Singkat cerita Gejolak hebat terjadi mengenai pemilihan putra mahkota dimana Yudhistira dengan segala kearipan budinya dan terkenal dengan raja Dharma menjadi putra mahkota menggantikan raja Drstarasta. Dengan keputusan ini dhuryidana sangat kecewa dan menyusun rencana jahat untuk membunuh para pandawa. Dhuryodhana mencoba meembakar pandawa di dalam rumah kadus yang di siapkan oleh Korawa untuk Pandawa. Namun usahanya gagal dan pandawa selamat dari keadaan itu namun pergi kehutan untuk memberikan kesan bahwa pandawa sudah tiada. Keadaan itu di manfaatkan oleh raja Drastarastha untuk menjadikan Dhuryodhana sebagai putra mahkota. Namun beberapa saat pandawa datang kembali ke kerajaan hastina pura dan situasi semakin kacau karena raja memiliki duaahli waris sehingga munculah ide untuk membagi negara menjadi dua yaitu setengah untuk pandawa dan setengah lagi untuk korawa.
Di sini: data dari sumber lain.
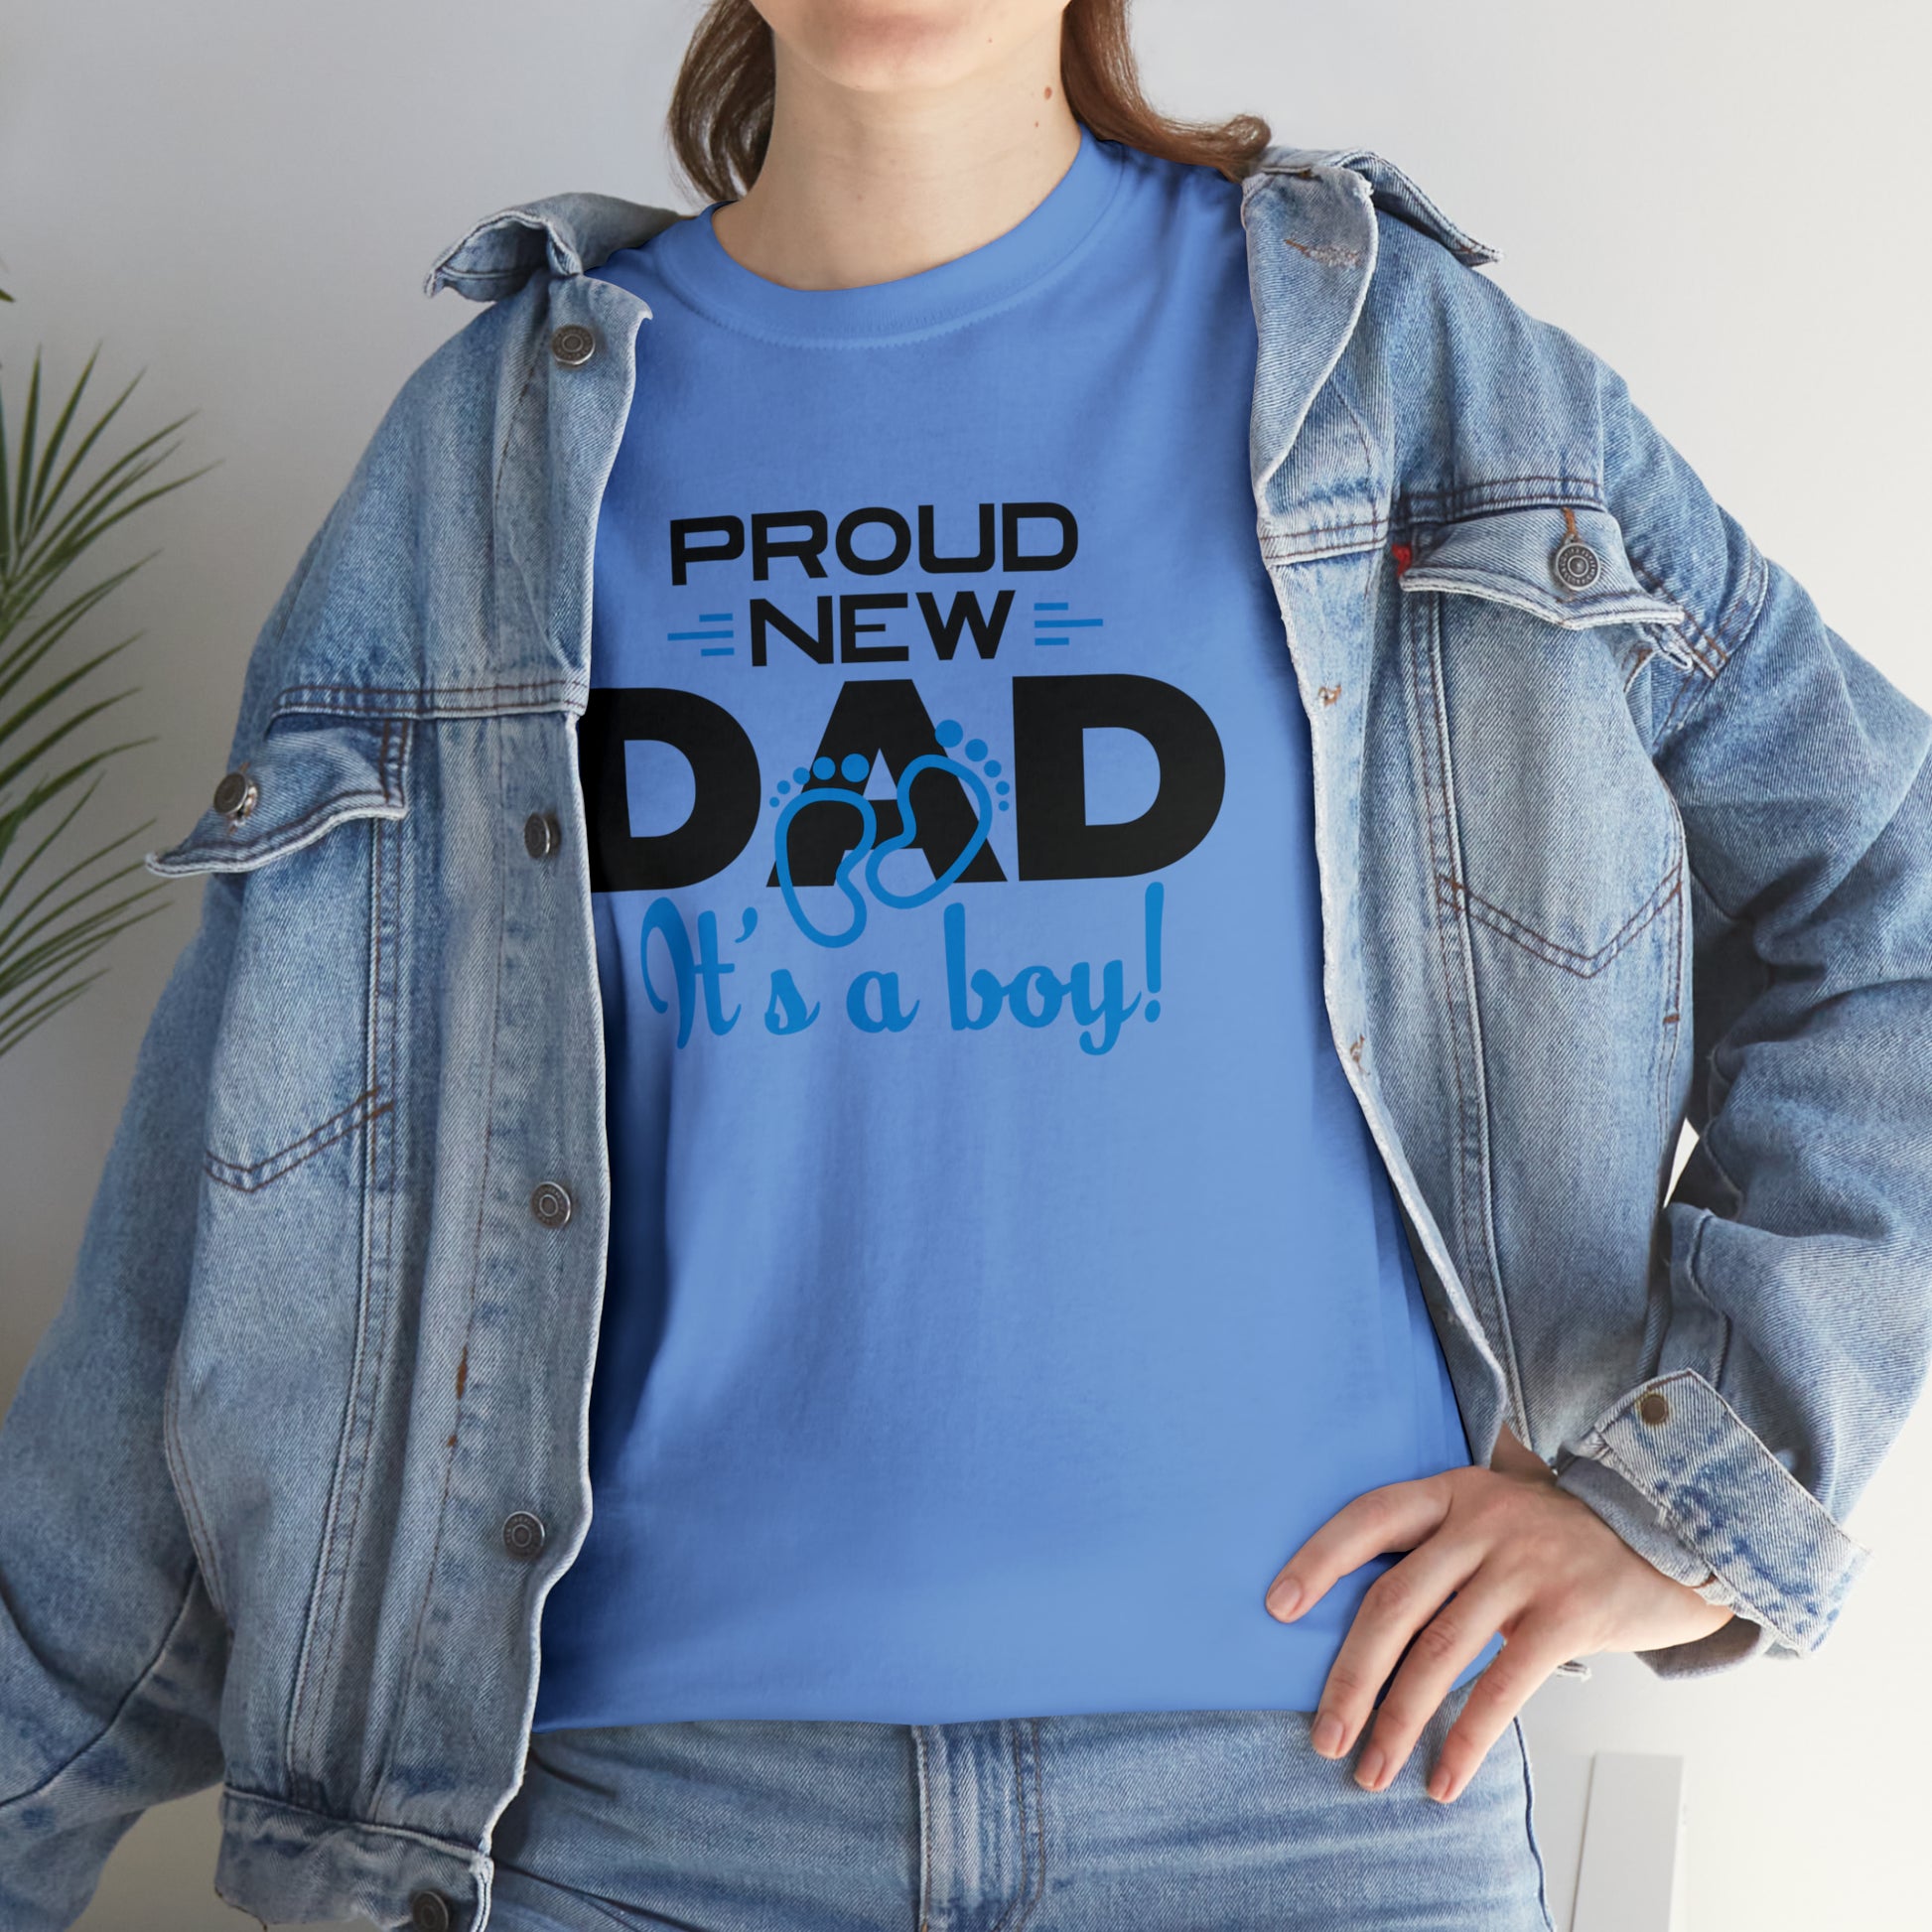 "New Boy Dad" T-Shirt - Weave Got Gifts - Unique Gifts You Won’t Find Anywhere Else!

Raja yang buta akan dharma selalu memberikan kesengsaraan kepada para pandawa. Dia memberikan pandawa bagian kerajaan di tanah gersang kandawa prastha, dengan ketekunan karma, bakti, janana,dan raja yoganya, merkea merubah kandawa prastha menjadi indra prastha yang merupakan kerajaan yang megah dan besar yang mana rakyatnya hidup makmur dalam kerajaan itu. Dengan bantuan Sri Krsna pandawa berhasil menjalankan karma bumi.
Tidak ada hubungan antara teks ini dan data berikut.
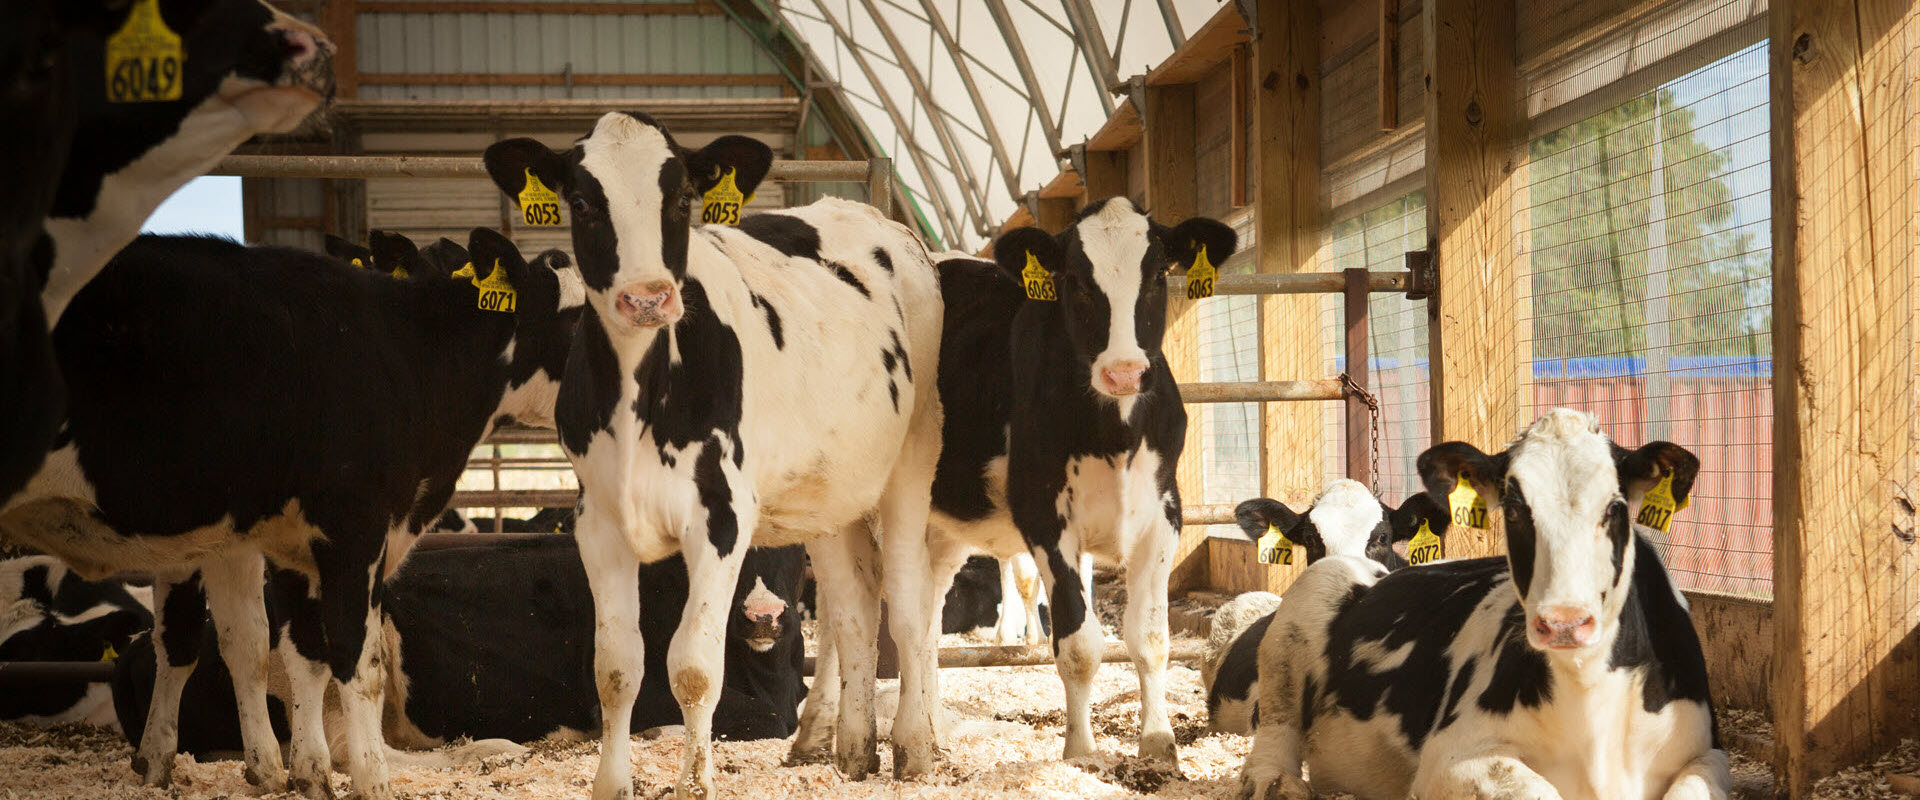 Dairy Cattle and Livestock in a barn

Dengan berdirinya kerajaan besar itu maka dilakukan upacara rajasuya untuk menobatkan yudhistira sebagai raja di raja, dan dhuryodana dengan kelompoknya yaitu sakuni mengahadiri upacara tersebut, dia kagum melihat kemegahan kerajaan itu. Dalam hatinya ia ingin memiliki kerajaan tersebut, maka sakuni raja gandara menyusun rencana jahat untuk mengambil alih kerajaan itu dengan cara yang tidak beradab yaitu dengan pertarungan judi yang dilakukan dengan curang. Sakuni mengalahkan raja yudhistira dalam permainan judi tersbut dan menjadikan raja yudhistira budak dan mengkoyak-koyak dharma dengan melecehkan wanita yaitu mencoba menelanjangi dropadi. Dengan kekalahannya ini, raja dengan politiknya mengembalikan kembali kekalahan raja yudhistira, namun dhuryodana tidak bahagia, dia kembali memgadakan permainan judi untuk melawan raja Yudhistira dan kekalahan yudhistira kembali terjadi sehingga pandawa harus di buang ke hutan selama 13 tahun karena itu merupakan persyaratan yang di ajukan dhoryodhana.
Berakhirnya masa pembuangan pandawa selama 13 tahun, maka mereka kembali, namun dhoryodhana tidak mau mengembalikan indraprastha karena dia terpesona akan kemegahan istana itu. Dari itulah muncul perang karena dhuryodhana ingin menguasai kerajaan dengan paksa.
Dari kutipan cerita epos besar mahabharatha ini mencerminkan bahwa bagaimana dengan kelobaan orang dapat hilang kemuliaannya.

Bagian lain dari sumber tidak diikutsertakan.